EXERCISE:
All of the data that follows is to be written out exactly, with images excluded.

RAW DATA:
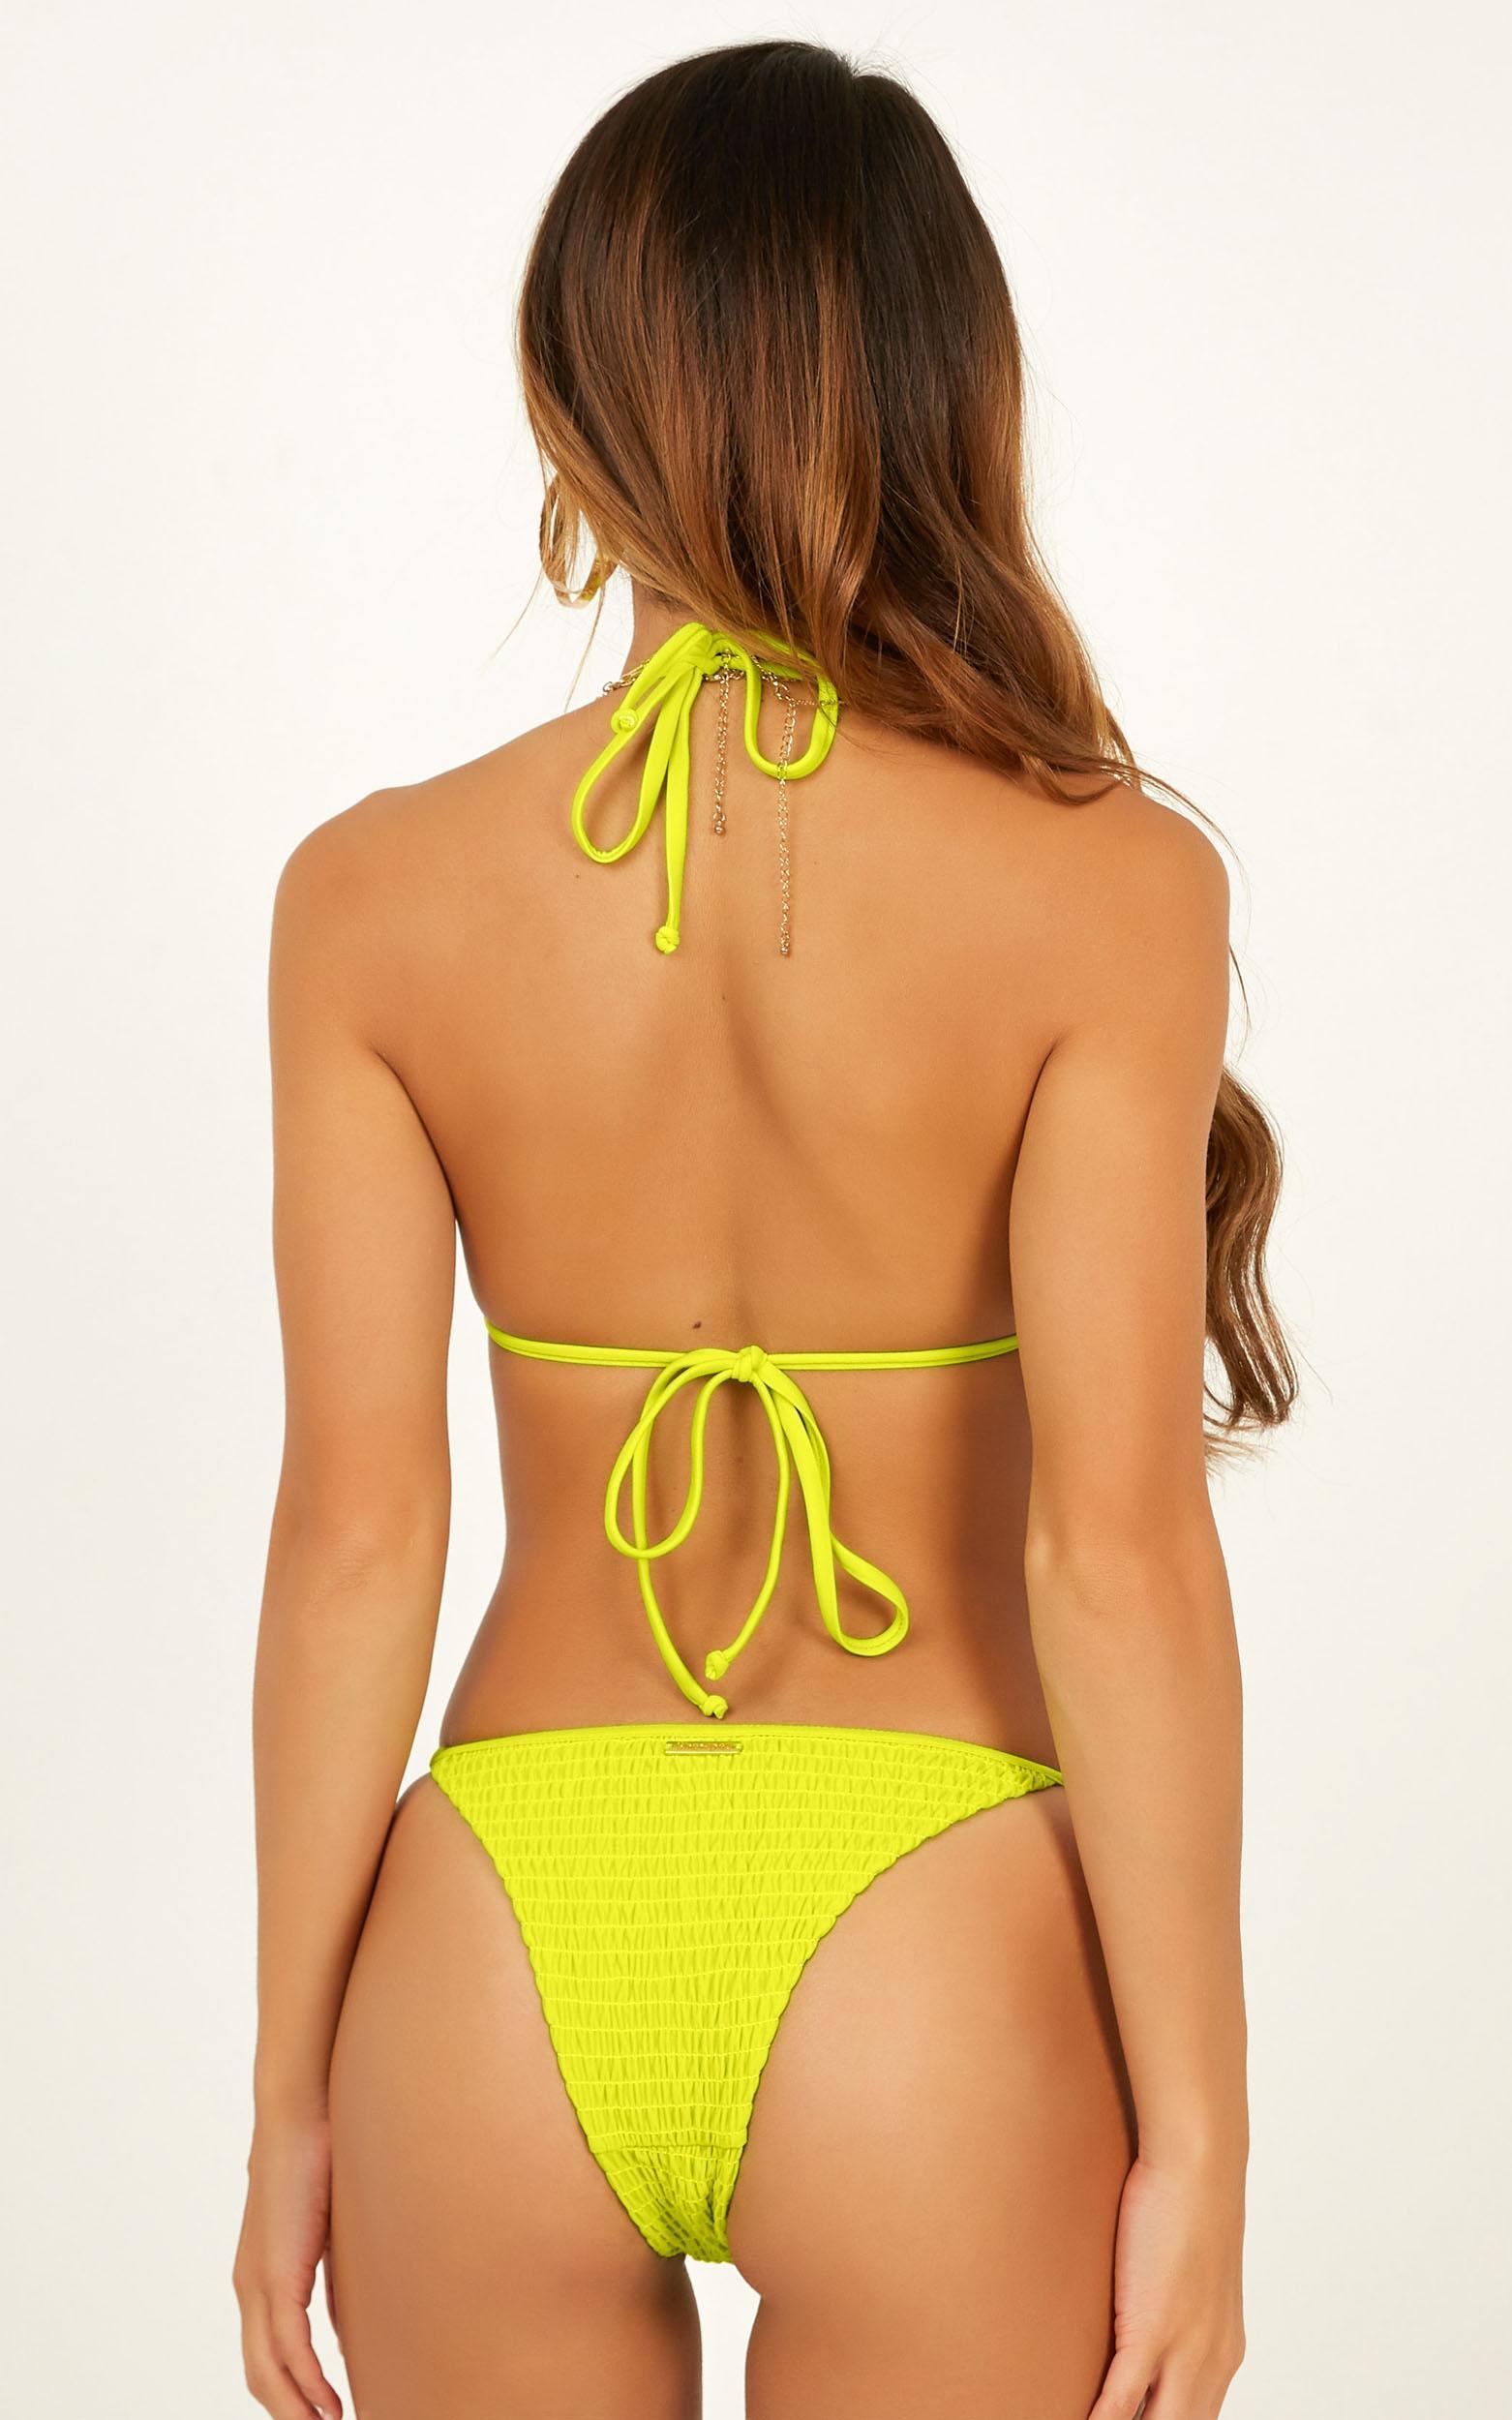 Chloe Bikini Top in lime - 16 (XXL), Green, hi-res image number null
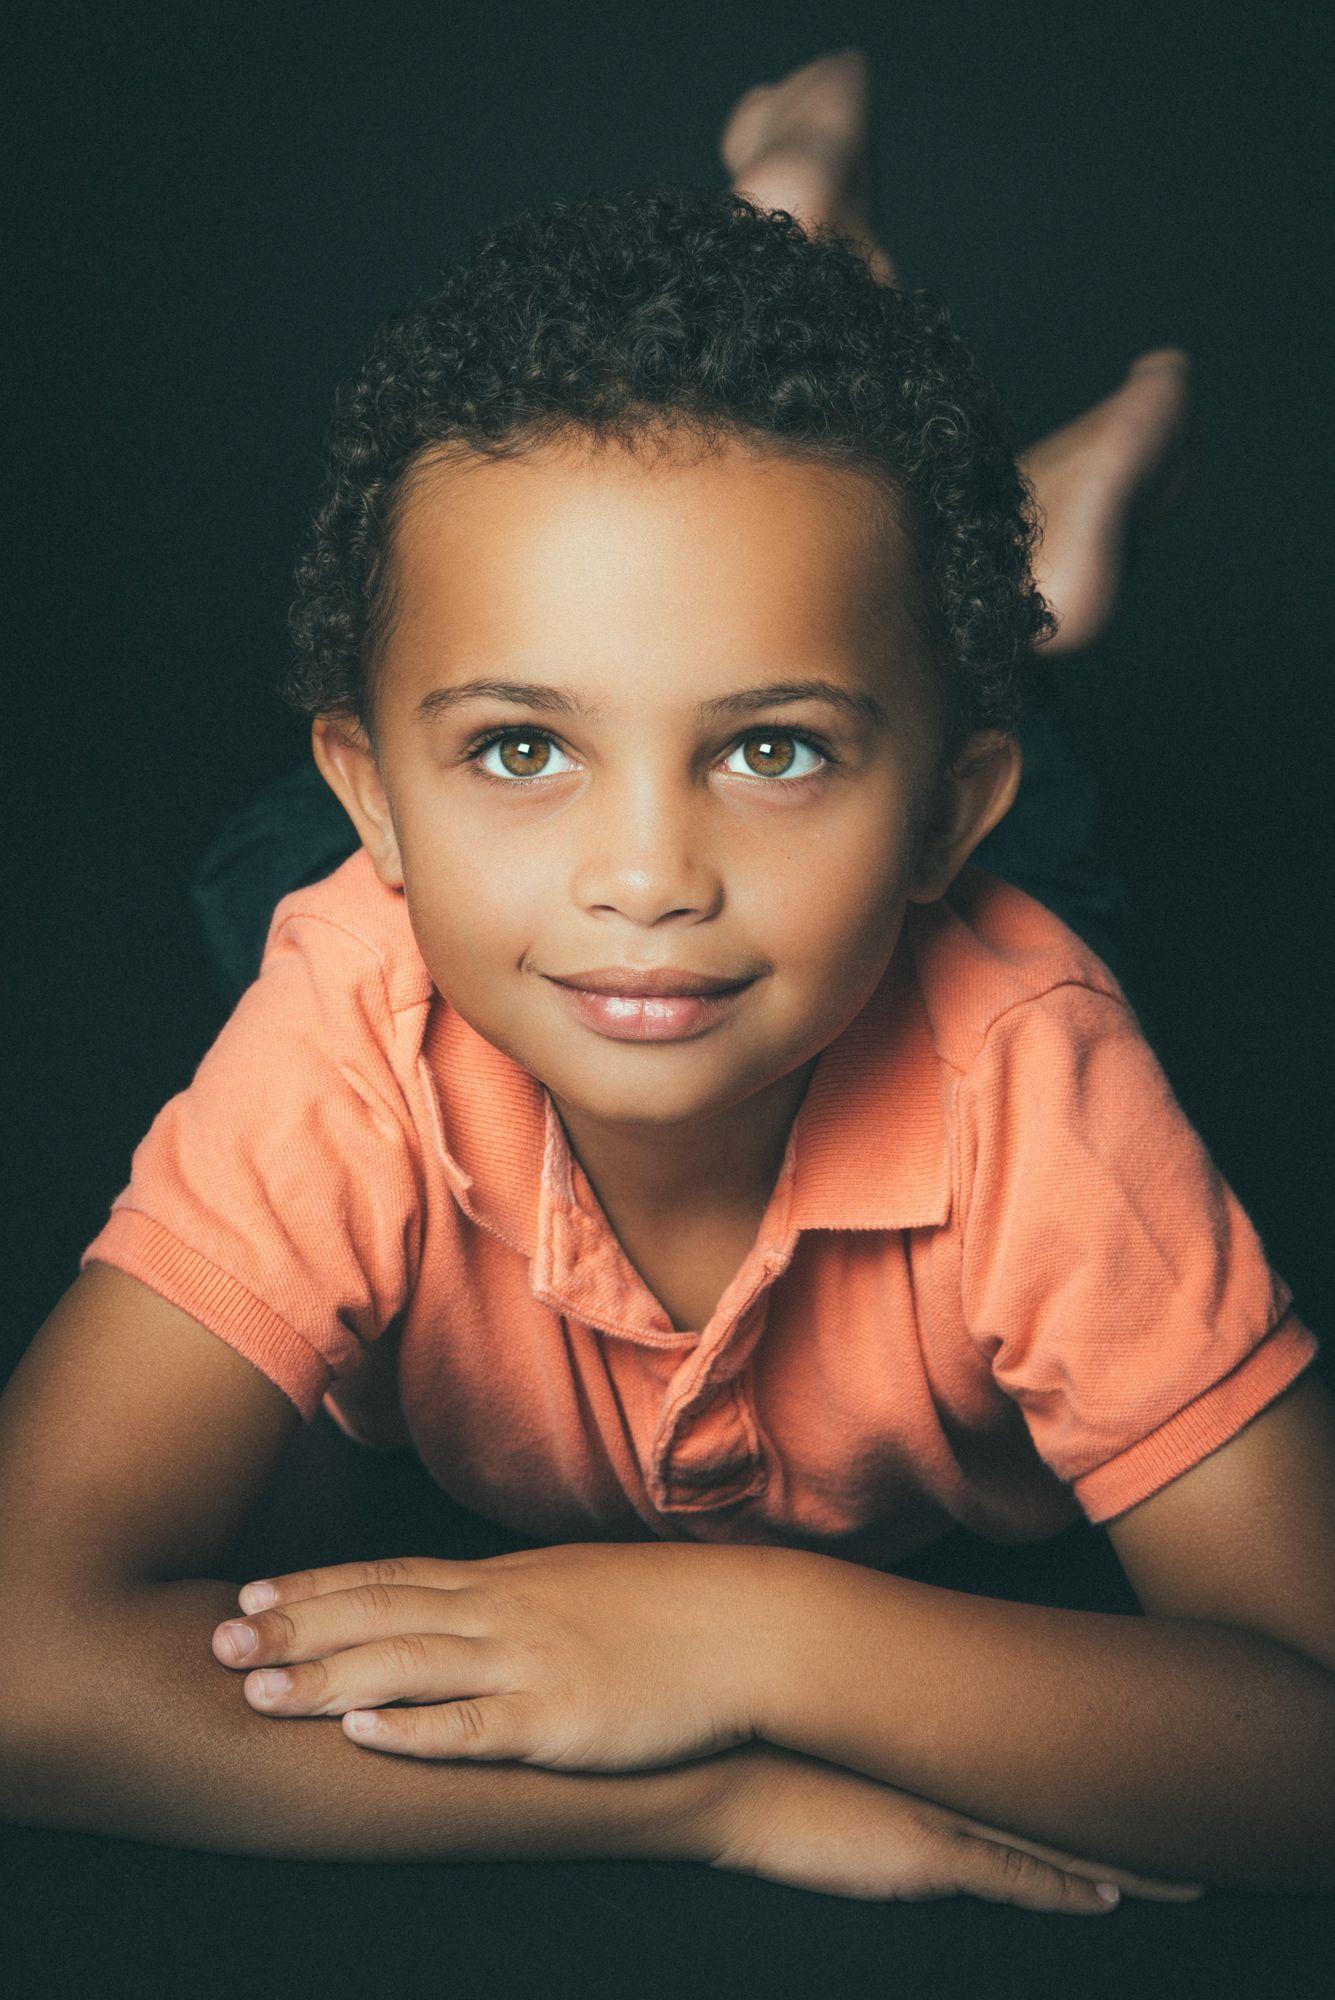 Child photography indoor studio photoshoot
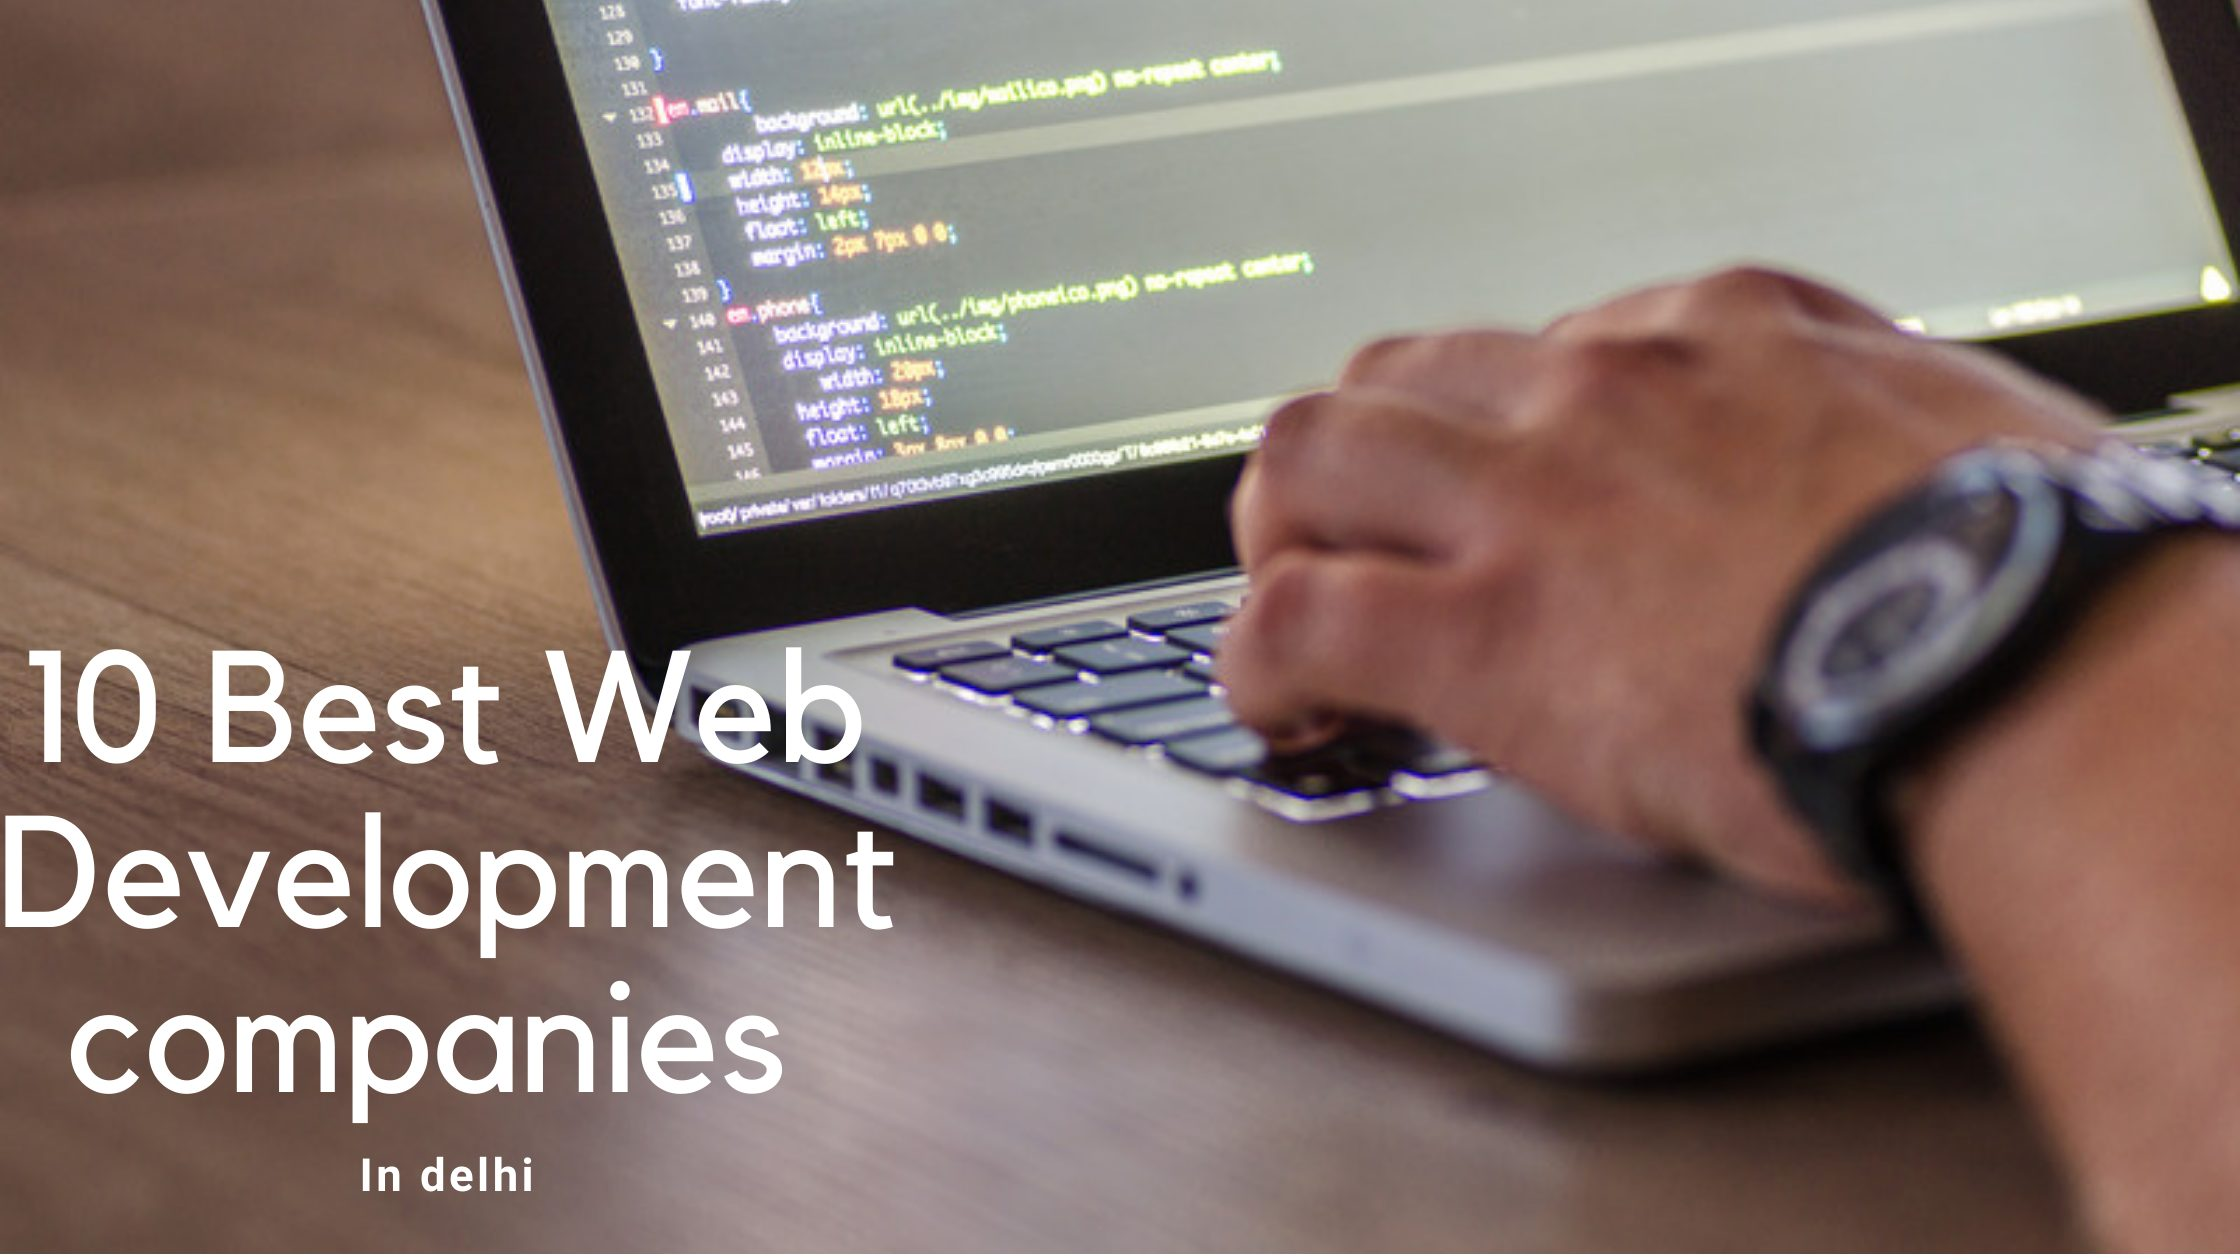 10 best web development companies in delhi

RESPONSE TO THIS TASK:
 Chloe Bikini Top in lime - 16 (XXL), Green, hi-res image number null
 Child photography indoor studio photoshoot
 10 best web development companies in delhi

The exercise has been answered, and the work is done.